On Tue, Feb 17, 2009 at 10:08:50AM +0800, Gergely Imreh wrote:
2009/2/17 Loui Chang <louipc.ist@gmail.com>:
On Mon, Feb 16, 2009 at 10:45:33PM +0800, Gergely Imreh wrote:
How about this new version? Handles FS#13122 and FS#13173 well - by which I mean that it does not remove anything that is not comment. The # characters intended for bash parameter replacement are kept (so not breaking the upload), though not handled yet within the replacement section. That is for another day.
I pushed a modded version of your patch, so it's attributed to you. It only neutralises the parameter substitution, though.
You shouldn't attribute that commit to me, because it has absolutely nothing to do with the patch I sent in, it's totally yours... I'm not even sure what "neutralises" mean in this situation, yet.... Got to figure out the changes now. :)
Hah, well you wrote the patch that it was based on, and you even wrote the code that it was patching. ;) By 'neutralises' I mean that it makes the substitution no longer a substitution, so the rest of the PKGBUILD parsing doesn't trip over it. I could have been clearer about that.
As for your previous comment about foo=bar;#none, that could be handled with my version with some change, using this regular expression replacement: $line = preg_replace('/(;*)(^|\s+)#.*/', "$1", $line); This version handles things as: #none -> (empty line) foo=bar;#none -> foo=bar; foo=bar #none -> foo=bar foo=bar #none -> foo=bar foo=${bar#none} -> foo=${bar#none} foo=${bar##none} -> foo=${bar##none} foo=${bar #none} -> foo=${bar The last one would result we handle in the parameter substitution (although wrong), but that's fine since it breaks bash, so it's a wrong PKGBUILD.
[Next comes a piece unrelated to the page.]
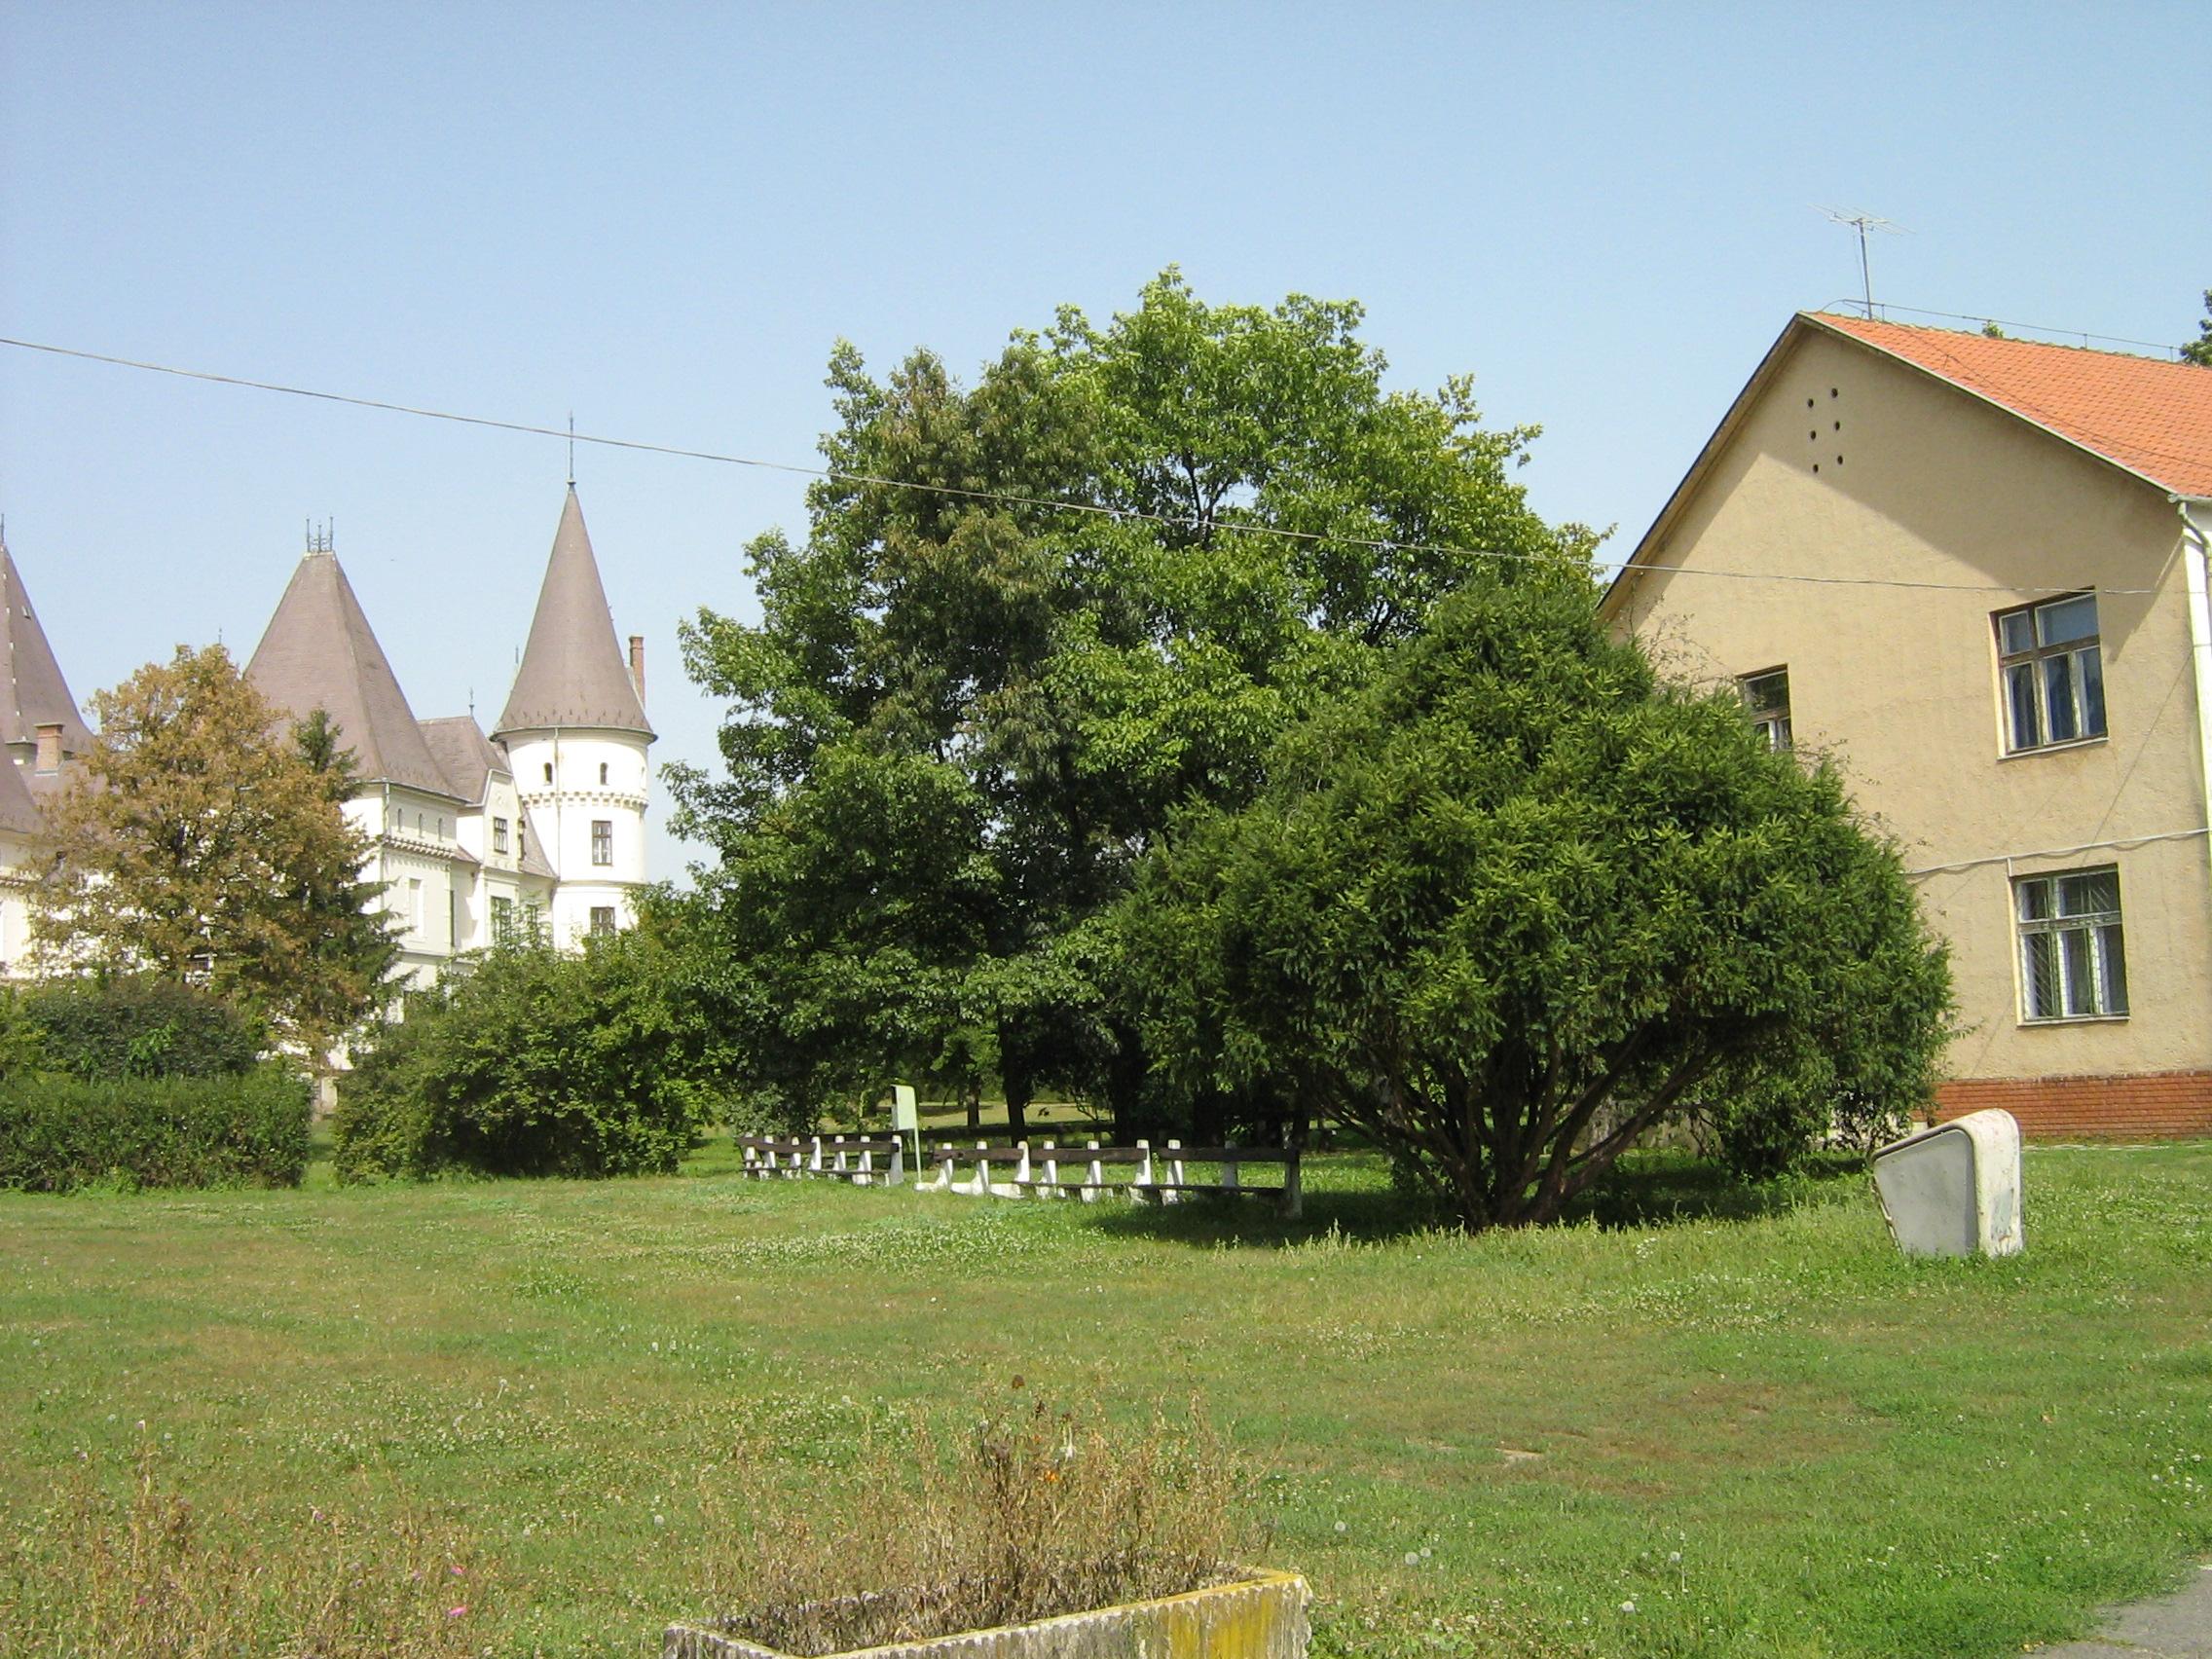 A gyermekotthon egyik épülete a kastéllyal (a szerző fotója)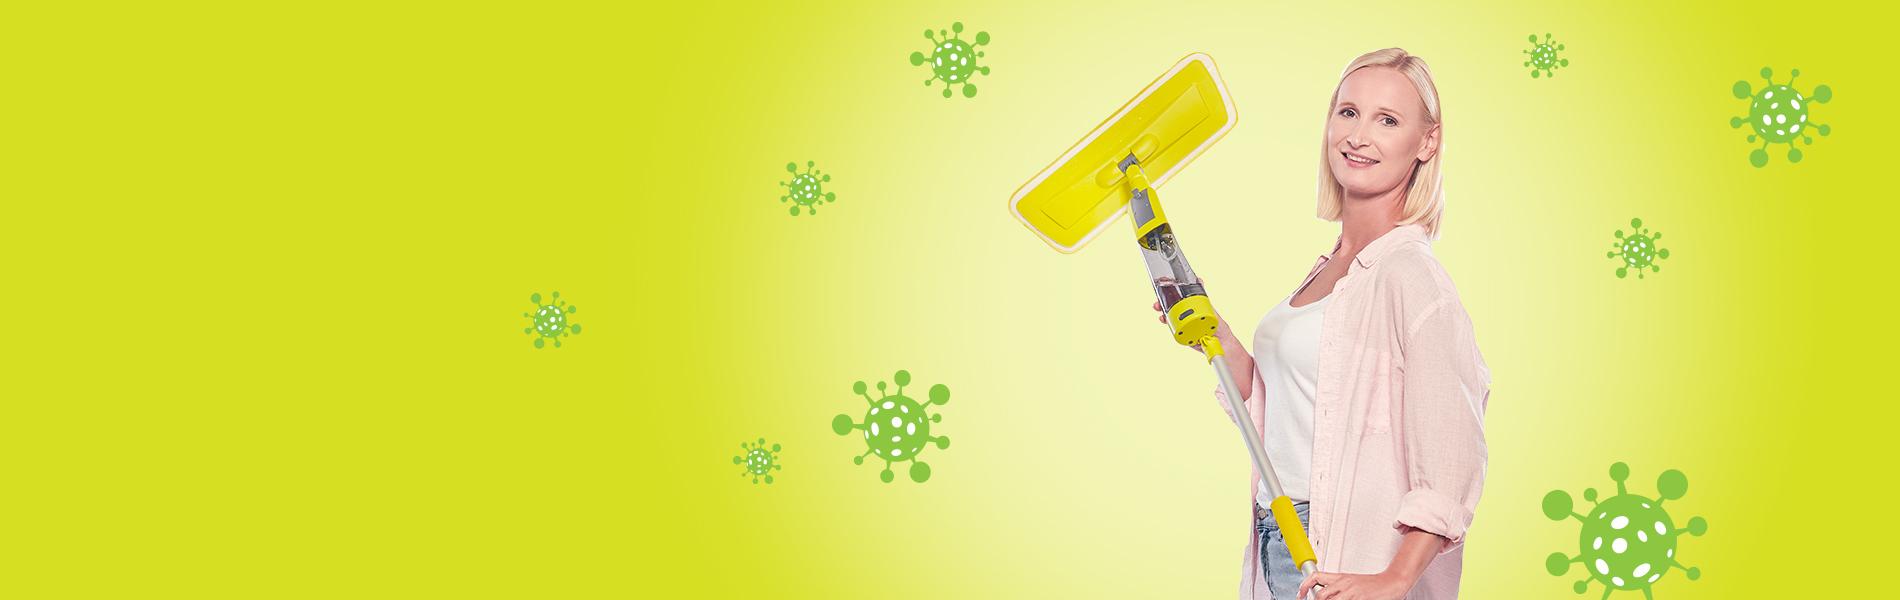 Spray felmosó szett Eco fertőtlenítő rendszerrel

OK. You're welcome to change what I pushed if you're continuing patching the parser. I just wanted to push some quick fixes. That infinite loop bug might have been part of some real problems on the server. The changes are live, but I forgot to update the version string. Doh. No big deal though.
Is there any other case that is not handled?
I'm not really sure to be honest. I'm flying by the seat of my pants on this really. I don't think anyone's bothered to improve the parsing until now because there are so many possibilities to cover. Your work has really helped cover a nice chunk of them. If we really want to protect against surprises we'd have to read the manual on bash at least a few times. I'm alright with letting users discover the inaccuracies of the parser. Side note: It might be a good idea to split the parsing into its own script and/or set of functions.